Host validation: Before delivering, the host checks that this agent group is permitted to send to the destination. The agent-runner copies routing; the host validates.

Multi-destination pattern (customization): An agent may need to send to a different channel than the origin (e.g., a webhook triggers a Slack notification). This is supported via custom code, not built into the core:

1. Add a destinations table to the session DB mapping logical names to routing fields
2. Populate it from the host when setting up the session
3. Modify the agent's prompt to list available destinations
4. Agent chooses a destination by name; agent-runner resolves to routing fields
5. Host validates as usual

This is documented as a pattern, not a built-in feature.

Core Properties

• Container isolation via filesystem mounts
• Credential proxy (OneCLI)
• Per-agent-group workspace (folder, CLAUDE.md, skills)
• Polling-based (not event-driven)
• Per-agent-group agent-runner recompilation on container startup (agent can modify its own source, request rebuild/restart, changes persist across teardowns)
• Host ↔ container IO through mounted session DBs (messages_in / messages_out) — no stdin piping, no IPC files
• Agent commands are messages_out rows with kind: 'system'
• Agent-to-agent supported via target-agent routing on messages_out
• Scheduling uses process_after / deliver_after + recurrence on the same message tables
• Media via signed URLs, downloaded in the container
• Channel adapters use the Chat SDK bridge + a standard interface (trunk ships only the bridge/registry; platform adapters install via /add-<channel> skills)
• Routing: channel adapter extracts IDs, host maps to entities
• Concurrency: Chat SDK per-channel + container limits
• Session scoping: per-session DB, multiple sessions per agent group

Design Decisions

Session DB location: Not in the agent group folder. Separate directory (e.g., sessions/{session_id}/). Each session gets its own folder containing session.db and the Claude SDK's .claude/ directory. The session identity IS the folder — no need to track Claude SDK session IDs.

Container mount structure:

/workspace/                 ← mount: session folder (read-write)
  .claude/                  ← Claude SDK session data (auto-created)
  session.db                ← session SQLite DB
  outbox/                   ← agent-runner writes outbound files here
  agent/                    ← mount: agent group folder (nested, read-write)
    CLAUDE.md               ← agent instructions
    skills/                 ← agent skills
    ... working files

Two directory mounts: session folder at /workspace, agent group folder at /workspace/agent/. The agent-runner CDs into /workspace/agent/ to run the agent. Claude SDK writes .claude/ at /workspace/.claude/ (root of the workspace). The session DB is at /workspace/session.db.

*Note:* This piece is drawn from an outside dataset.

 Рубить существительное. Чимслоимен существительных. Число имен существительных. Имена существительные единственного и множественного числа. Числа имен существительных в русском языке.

This works on both Docker (nested bind mounts) and Apple Container (directory mounts only — no file-level mounts, but nested directory mounts are supported).

Session DB concurrent access: The host writes messages_in, the agent-runner writes messages_out. Both access the same SQLite file simultaneously. WAL mode handles this — SQLite allows concurrent readers, and the two sides write to different tables so writer contention is minimal. The host enables WAL mode when creating the session DB.

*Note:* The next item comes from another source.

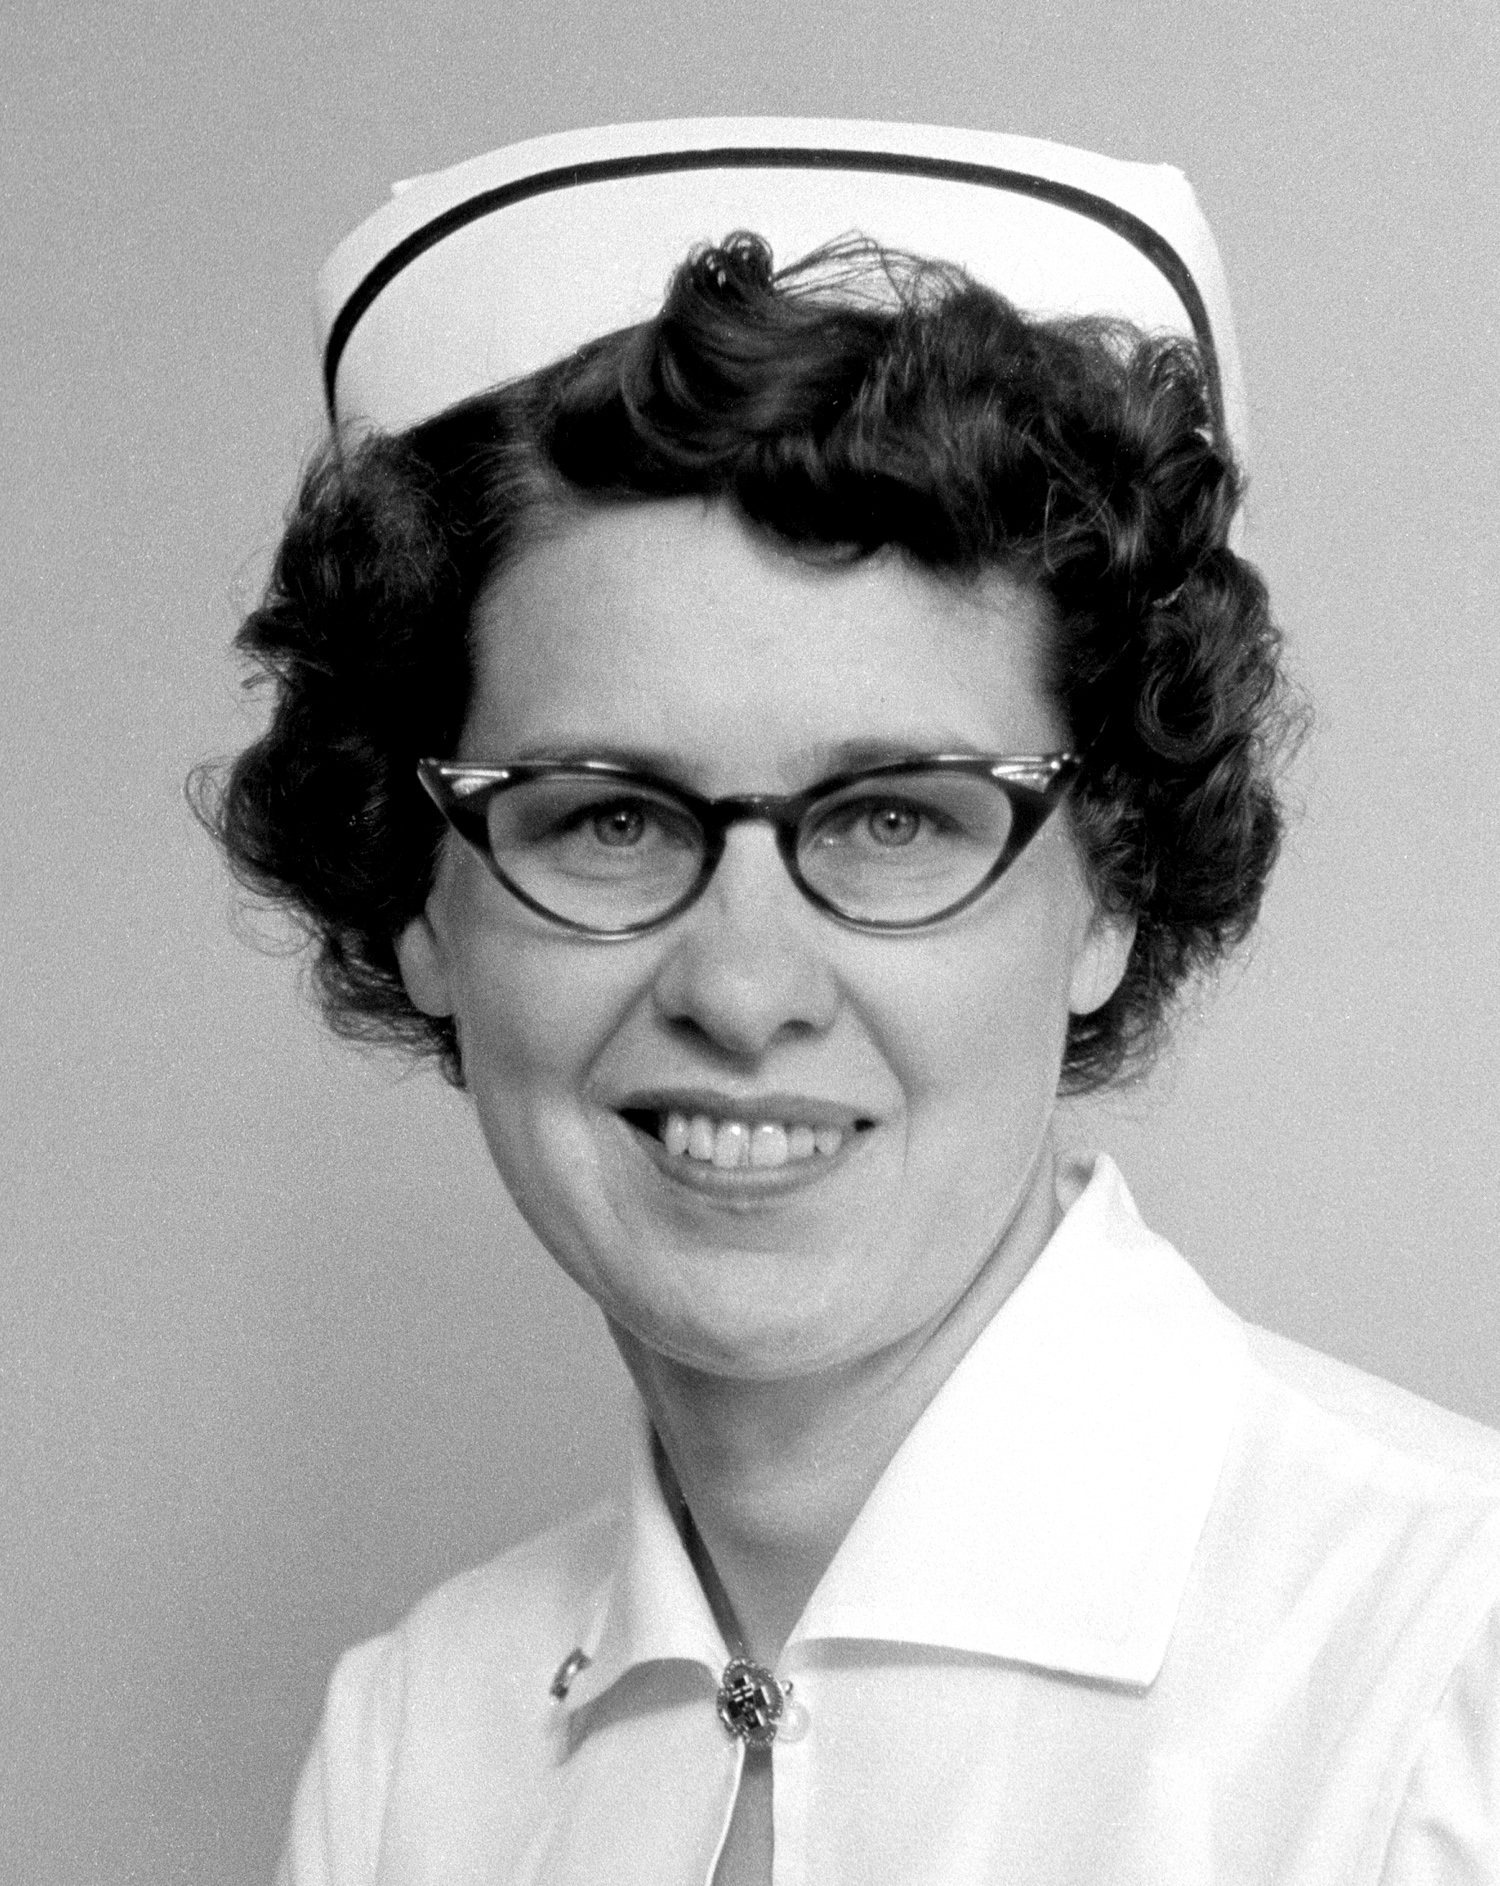 Eleanor Boyes began her 27-year missionary nursing career in August 1959.

Session management: Host-managed. The host creates session folders and mounts them. The container only sees its own session folder.

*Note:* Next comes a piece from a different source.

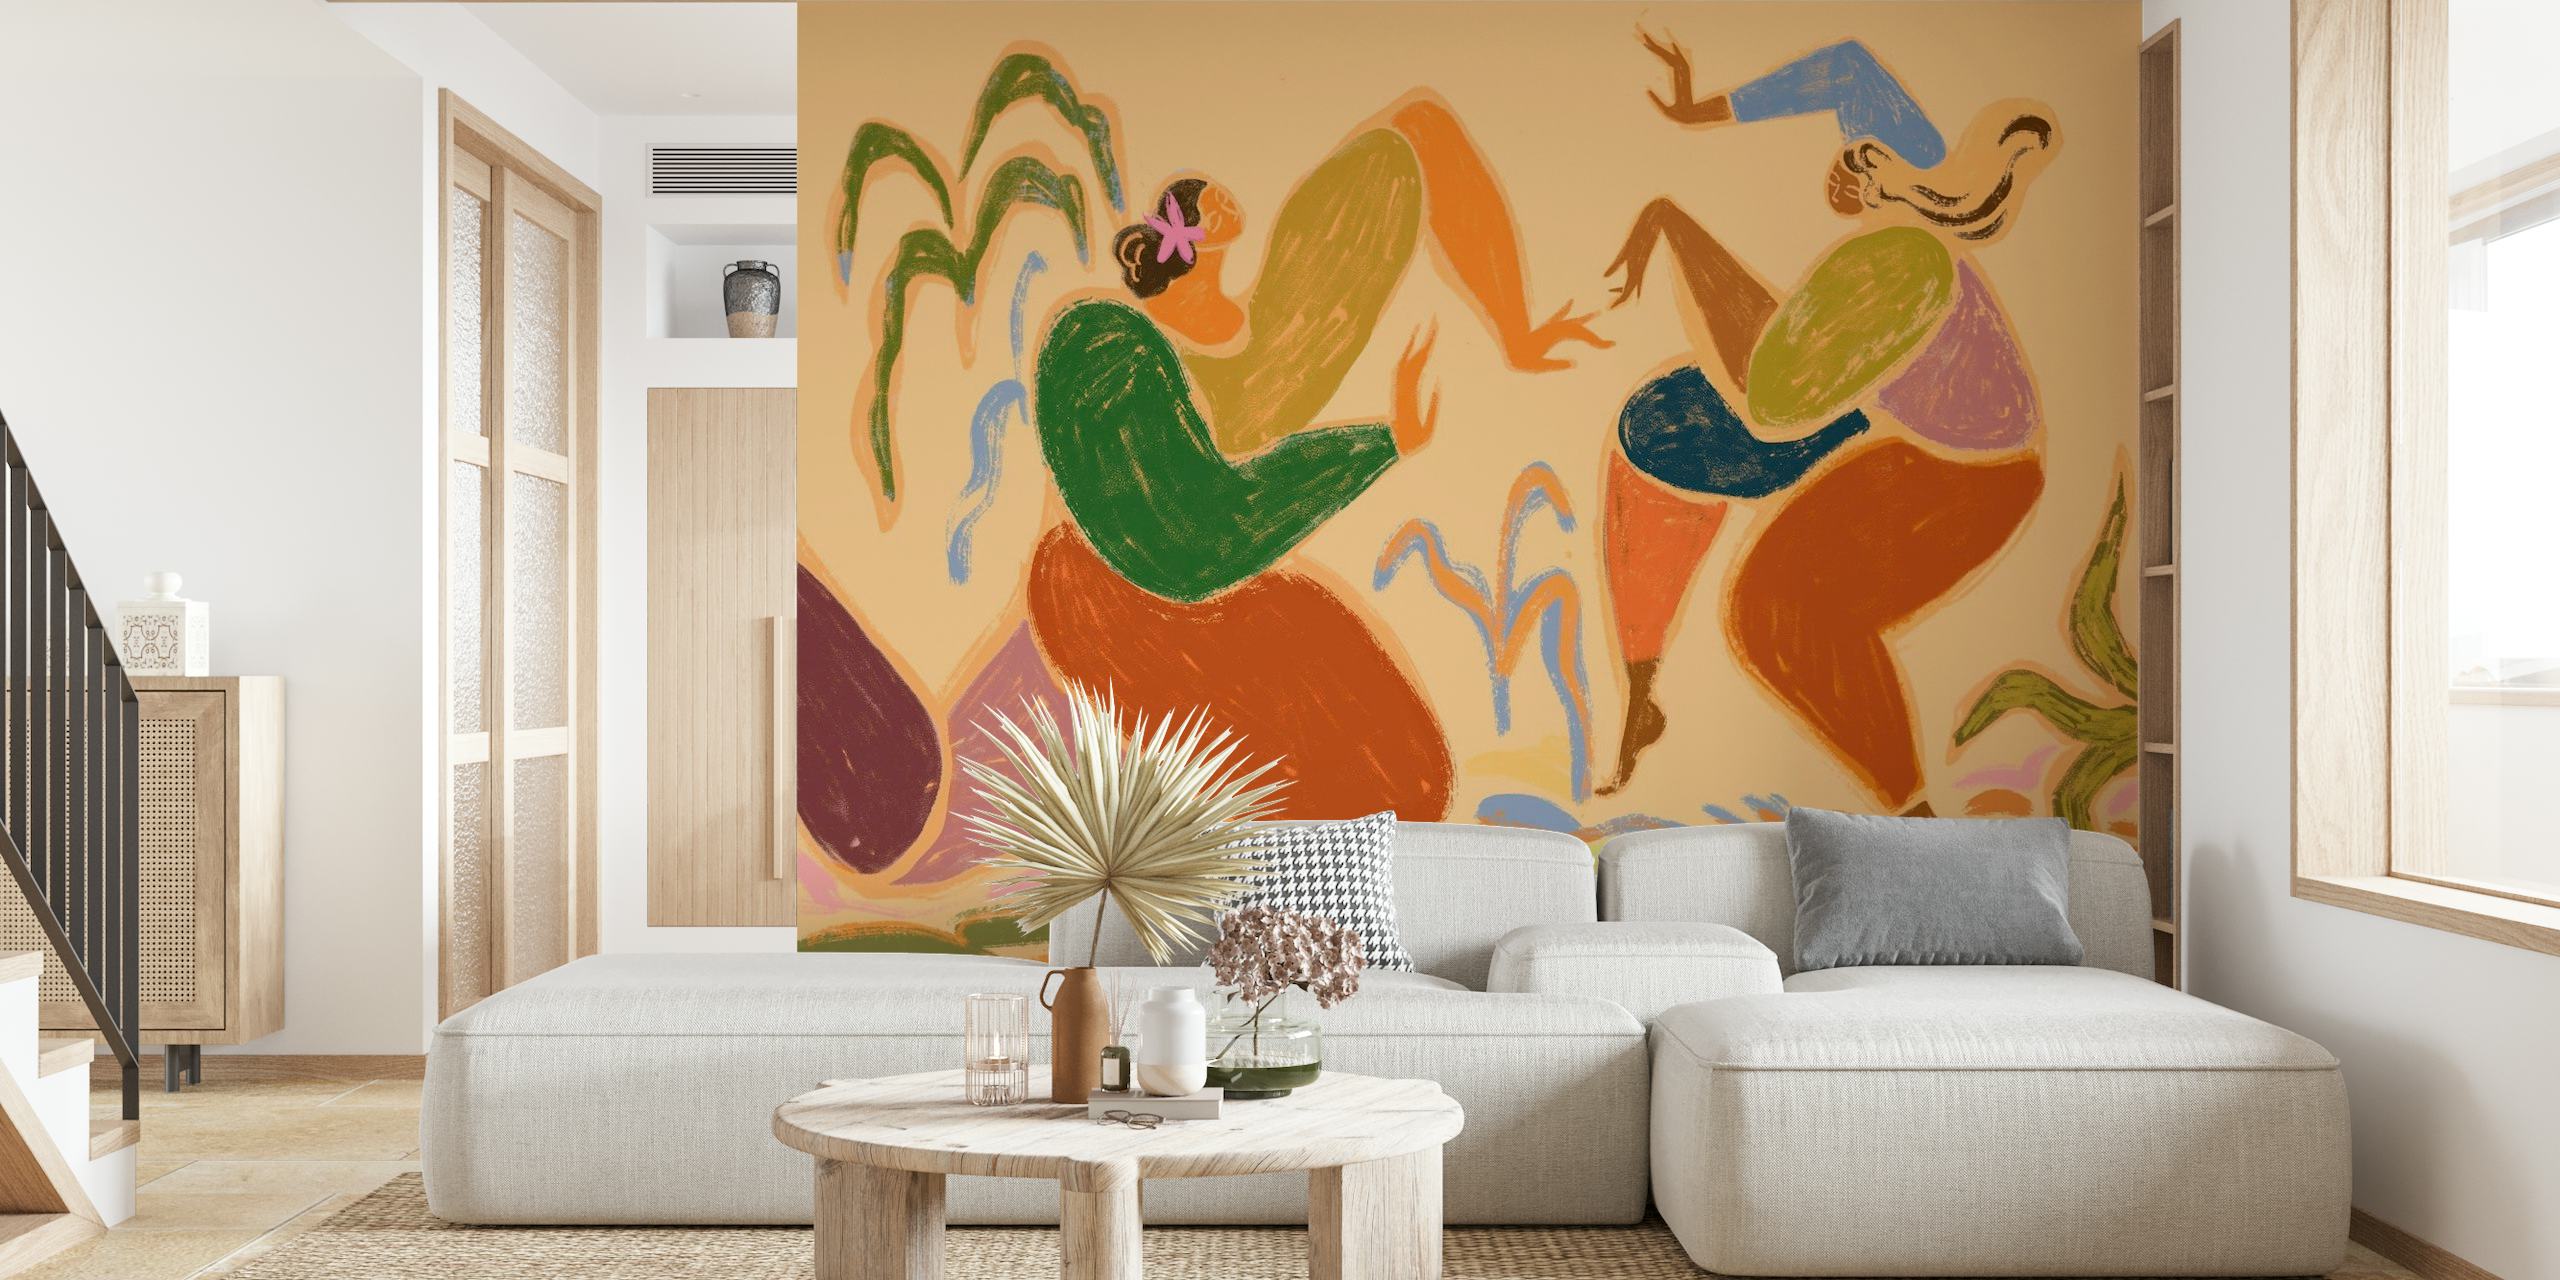 Abstrakt vægmaleri med dansetema med jordfarver, der viser rytmiske figurer i bevægelse

Session creation (no race condition):

1. Message arrives, host checks central DB for a session matching this group + thread
2. No session exists → host atomically creates session row in central DB, creates the session folder, creates the session DB, writes the message
3. More messages arrive before container starts → host finds the existing session, writes to the same session DB
4. Container starts, mounts the folder, agent-runner finds messages waiting

The central DB session row creation is the serialization point. No Claude SDK session ID to coordinate — the SDK discovers its own session data in .claude/ when the agent runs.

System actions: The agent uses MCP tools (register group, reset session, schedule task, etc.). The agent-runner handles these tool calls and writes a structured, deterministic messages_out row with kind: 'system'. This is not natural language — it's a programmatic, structured payload that the host processes deterministically. Host validates permissions, executes, and writes the result back as a system messages_in row.

Container lifecycle: No warm pool. Containers are spawned on demand (wakeUpAgent) and torn down from the outside by the host when idle. Existing idle detection + teardown mechanism carries over.

Operational Behavior

Output Delivery

NanoClaw does not stream tokens to users. The Claude Agent SDK's query() yields complete results. The agent-runner writes one complete message to messages_out per result. The host delivers complete messages to channels.

Message editing is supported as an explicit operation (agent calls an edit_message tool), not as a streaming mechanism.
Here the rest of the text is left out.